Light oil and gas production was also in-line with guidance for the first quarter, but should be modestly positively affected by commencing production from several Alberta wells in April 2009. In the first quarter, we completed construction of an eight kilometre gas pipeline in the Ferrier/O'Chiese area which reduced production constraints and improved operating netbacks. In North Dakota, we completed a 260 square mile 3D seismic survey over our Bakken-Three Forks project area. The survey is expected to assist in the high-grading of future Bakken-Three Forks locations and also may lead to identification of conventional drilling prospects in other formations. We plan to resume drilling in the third quarter of 2009.

Financial Review

Cash flow from operations for the first quarter was $59.4 million, a decrease of 2% compared to $60.5 million for the fourth quarter of 2008. The largest contributor to the decline was decreased commodity prices in the first quarter of 2009. Baytex received an average oil price of $36.11 per barrel before hedging in the first quarter, a decrease of 16% compared to $42.83 per barrel before hedging in the fourth quarter of 2008. Natural gas prices also decreased in the first quarter, with Baytex receiving an average wellhead price of $5.39 per Mcf, 24% lower than the previous quarter. The decline in commodity prices was partially offset by a $25.1 million realized gain on financial instruments in the first quarter of 2009. This gain is primarily related to a series of costless WTI collars with an average floor price of US$100 per barrel, covering a total of 4,000 bbl/d for calendar 2009.

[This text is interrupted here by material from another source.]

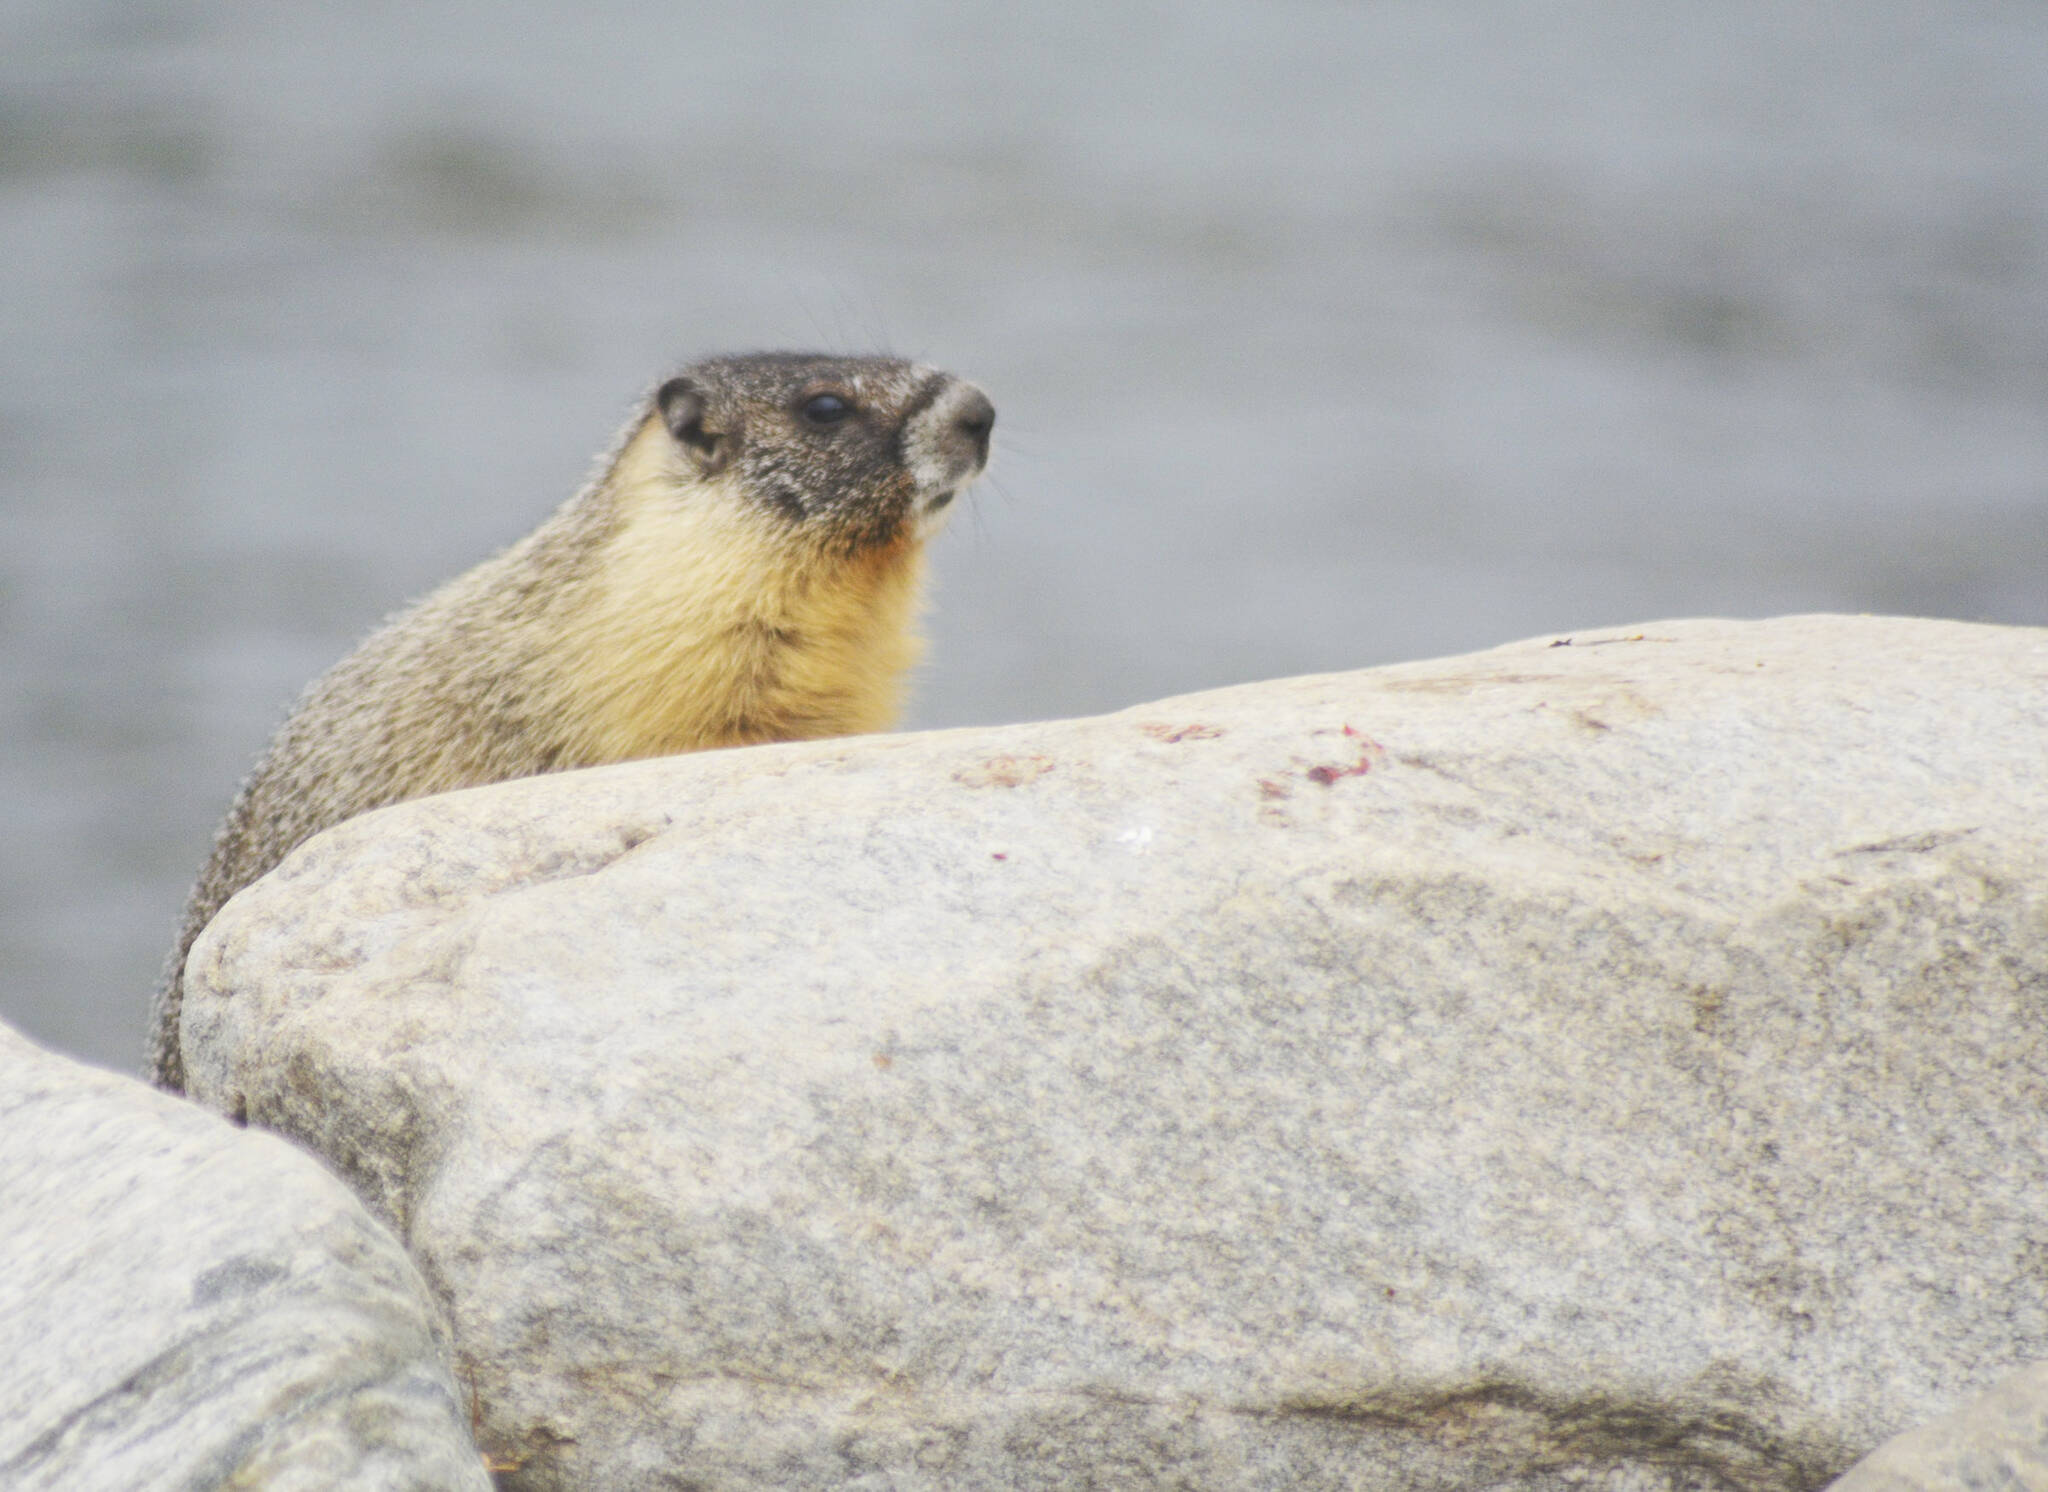 All kinds of critters could be seen near Lake Okanagan.

Net loss for the first quarter of 2009 computed in accordance with Generally Accepted Accounting Principles ("GAAP") in Canada was $8.5 million compared to net income of $35.8 million for the first quarter in 2008. A key contributor to the loss was the timing of recognition of income related to our financial derivative instruments. The WTI collar contracts were entered into in 2008 to provide cash flow protection for 2009. Under Canadian GAAP, the unrealized mark-to-market net income benefit of those WTI collars was required to be recorded in 2008. In the first quarter of 2009, the realized benefit of those contracts is reflected in our cash flows, but not in our net income, because the net income impact had previously been recorded. If the benefit of these financial contracts were permitted to be recorded in the period to which the contracts relate, our pre-tax net income would have been higher in the first quarter by approximately $26 million.

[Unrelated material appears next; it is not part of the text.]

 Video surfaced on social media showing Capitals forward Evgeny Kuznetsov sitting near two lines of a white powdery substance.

Heavy oil pricing differential, as measured by market pricing for Lloyd Blend, averaged 22% of WTI for the first quarter of 2009, as compared to 34% in the fourth quarter of 2008. This decline in differential through the historically higher-differential winter months supports our view that there has been a structural change in heavy oil supply and demand, which bodes very well for the longer term outlook for heavy oil pricing. The differential for the second quarter of 2009 is currently being traded at approximately 15% of WTI, resulting in estimated wellhead pricing of $50 per barrel for Lloydminster-area raw heavy crude, based on current WTI prices, foreign exchange rates and condensate costs.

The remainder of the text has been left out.